Technical Analysis for FCPO Daily Chart Source: OPF Charting System
Crude palm oil futures (FCPO) on Bursa Malaysia Derivatives ended the week higher in tandem with the broad
gains in the global commodities, an expectation of tighter stock level in the monthly supply and demand reports
and the optimism over the debt restructuring agreement in Greece.
The benchmark FCPO April contract surged RM46 or 1.49 per cent to close at RM3,131 per tonne on Friday from
RM3,085 per tonne last Friday. The trading range for the week was from RM3,100 to RM3,162.
Total volume traded for the week amounted to 70,013 contracts, down 13,623 contracts from the previous week.
The open interest as at Thursday increased to 116,457 contracts from 111,281 contracts the previous Thursday.
The Malaysian Palm Oil Board (MPOB) released its monthly reports on Malaysian palm oils supply and demand
for January 2012 on Friday with palm oil stocks continued to decline to 2.008 million tonnes from 2.058 million
tonnes the previous month as the drop in production outpaced the fall in exports demand.
The stocks level nearly hit the Reuters poll estimation of 1.995 million tonnes. The exports in January fell 13.17
per cent to 1.381 million tonnes while the palm oil production slumped 13.86 per cent to 1.287 million tonnes.
US Department of Agriculture (USDA) released a slightly bearish monthly report on soybean supply and demand
on Thursday with soybean ending stocks remained at 275 million bushels from the previous report. The ending
stocks figure was slightly above the average market expectation of 273 million bushels.

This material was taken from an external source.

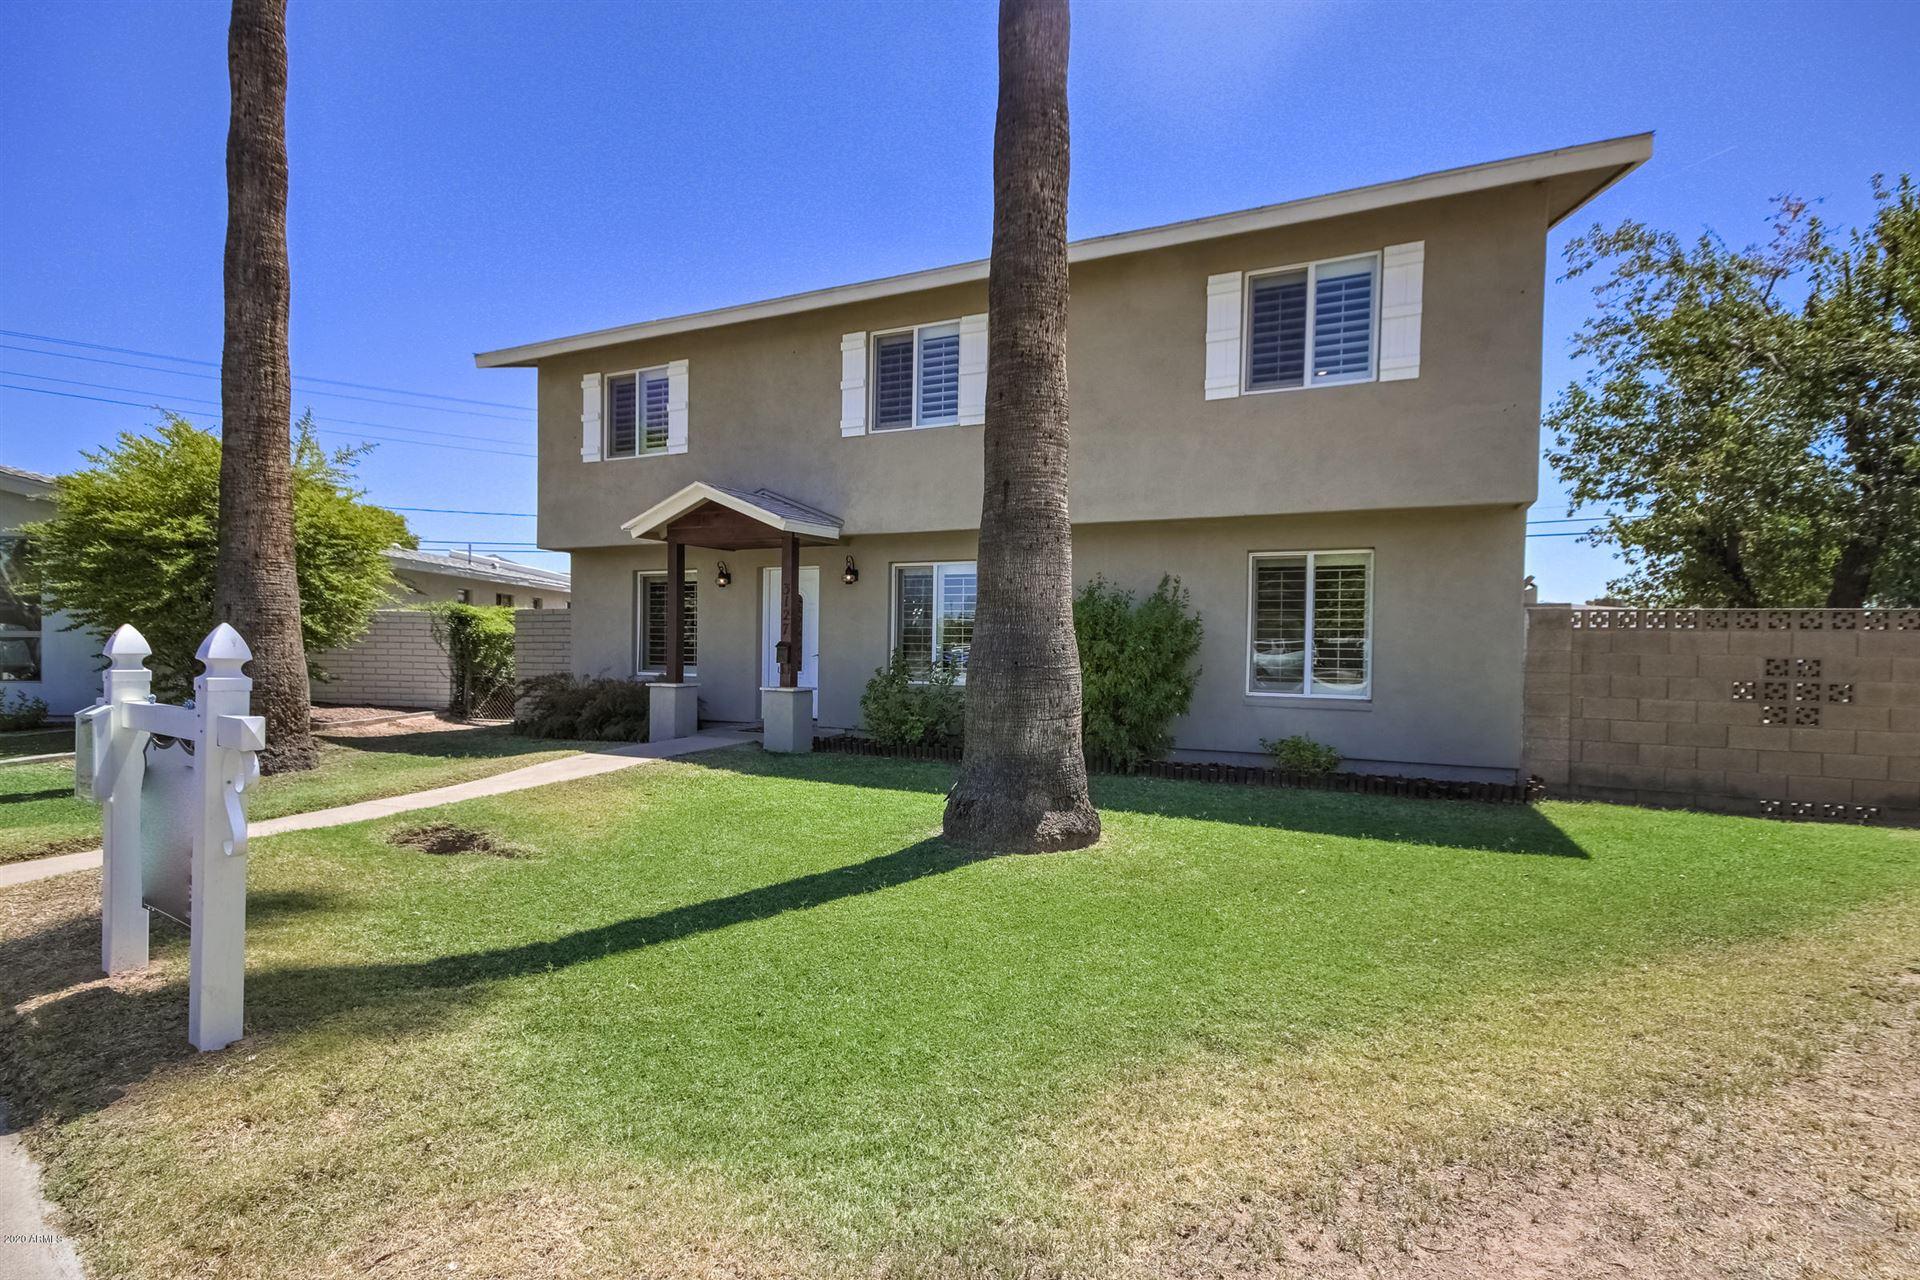 3127 N 81ST Place, Scottsdale, AZ 85251 - #: 6097936

Most traders expected the soybean supplies would be cut a little bit lower due to yield loss in South American
soybean crop caused by prolonged drought in the past few months. The USDA reports disappointed some
traders again which prompted them to take profit and pull out some weather risk premium on the grain prices.

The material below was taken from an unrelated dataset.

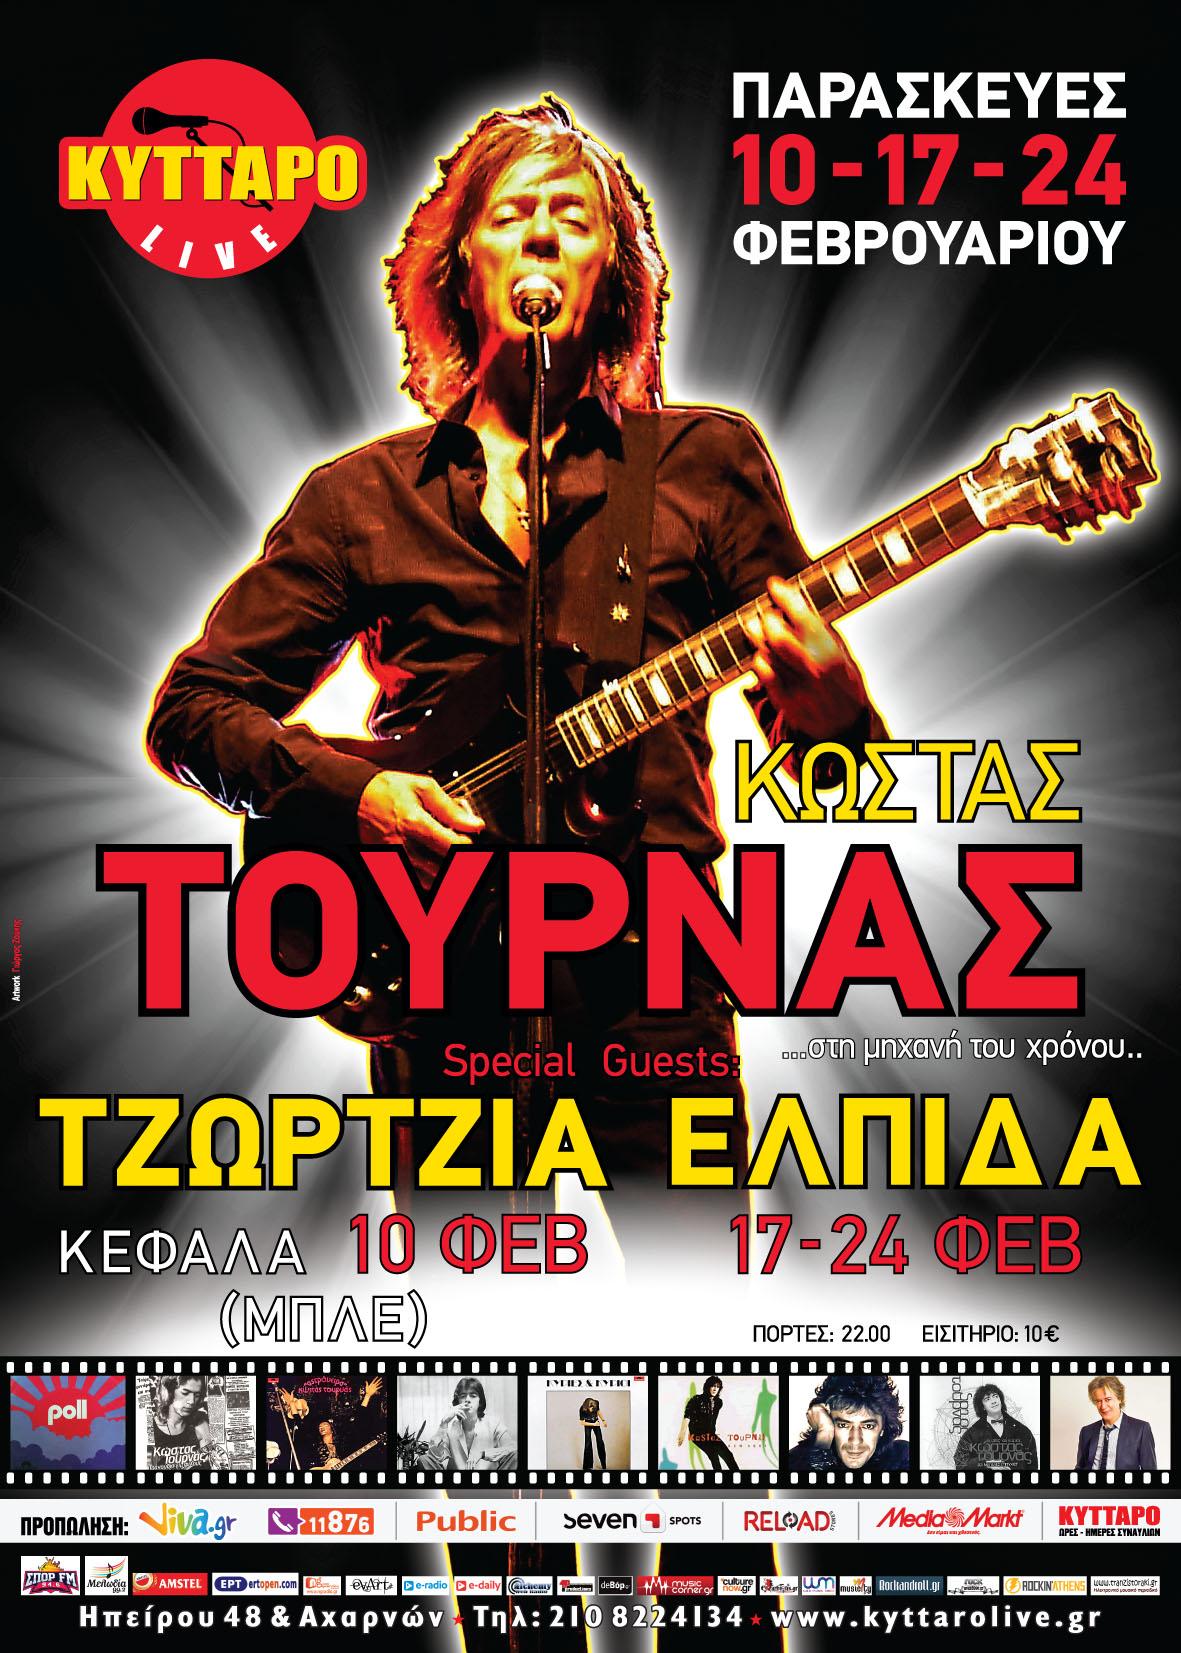 Kyttaro Tournas Feb_F.cdr
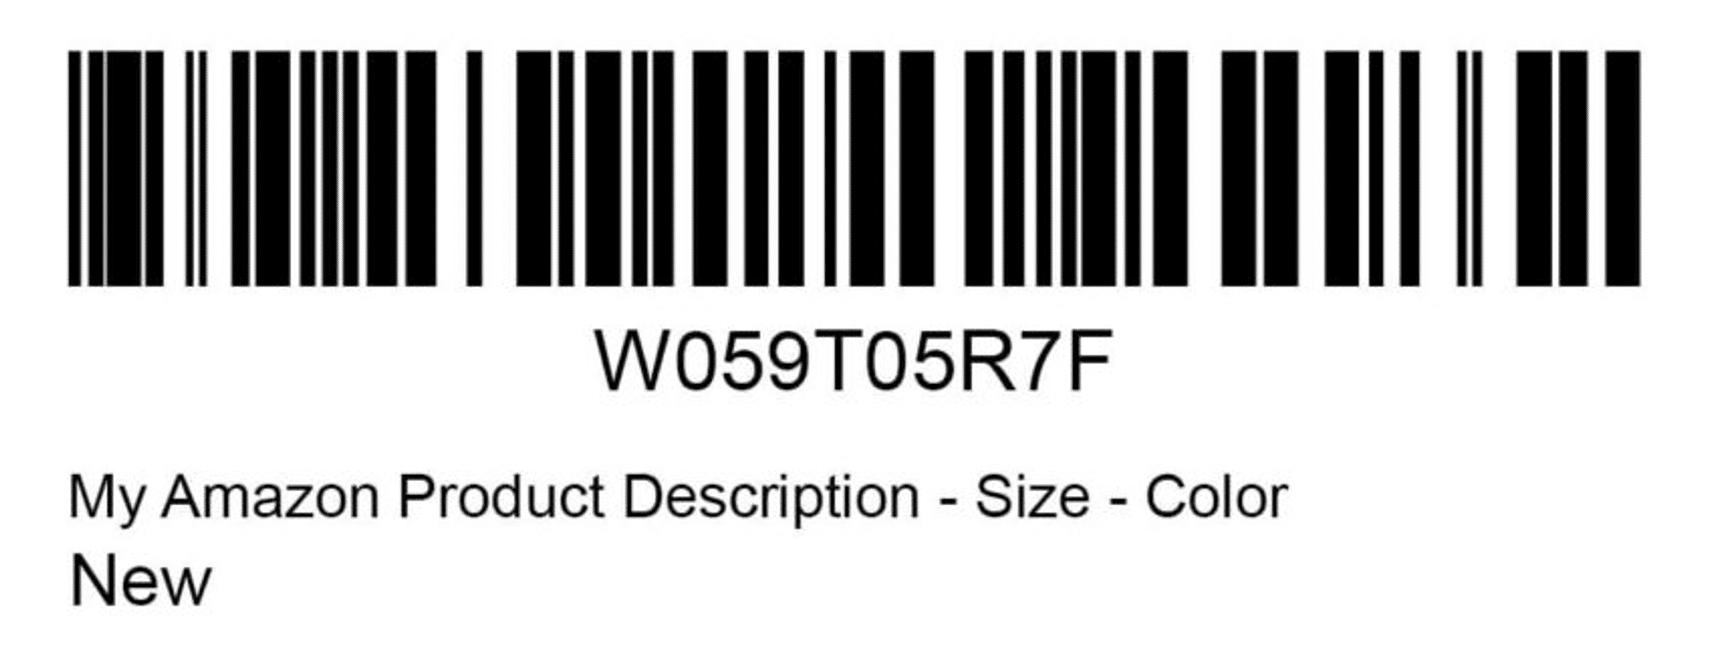 Amazon FBA Label demo

Meanwhile, some weather forecast reported dry weather would return to Brazil this coming week and limited rains
would be seen the following week. However, widespread rains were expected in Argentina next week which
would ease the crop stress concern.
Cargo surveyor ITS released the palm oil export figures for the period of February 1 to 10 on Friday at 342,982
tonnes, a drop of 7.71 per cent while another surveyor SGS at 337,618 tonnes, a decrease of 4.3 per cent from
the same period last month.
The Malaysian government finally released the tax-free crude palm oil export quotas to the producers this week
after delaying for weeks. This move would be able to push the exports for crude palm oil higher in February.
However, the tax-free export quotas of three million tonnes in 2012 was less than the 3.6 million tonnes issued in
2011.
Technical View
The benchmark April contract rebounded this week to hit the resistance level of the downtrend channel. Palm oil
prices were seen struggling to push higher after no bullish surprise from the monthly reports released. We would
expect the price to drift lower to cover the gap of RM3,085 to RM3,100 this coming week and probably to test the
support level of the channel if there is no further news to boost the market up.
Resistance would be pegged at RM3,150 and RM3,270 while support was set at RM3,000.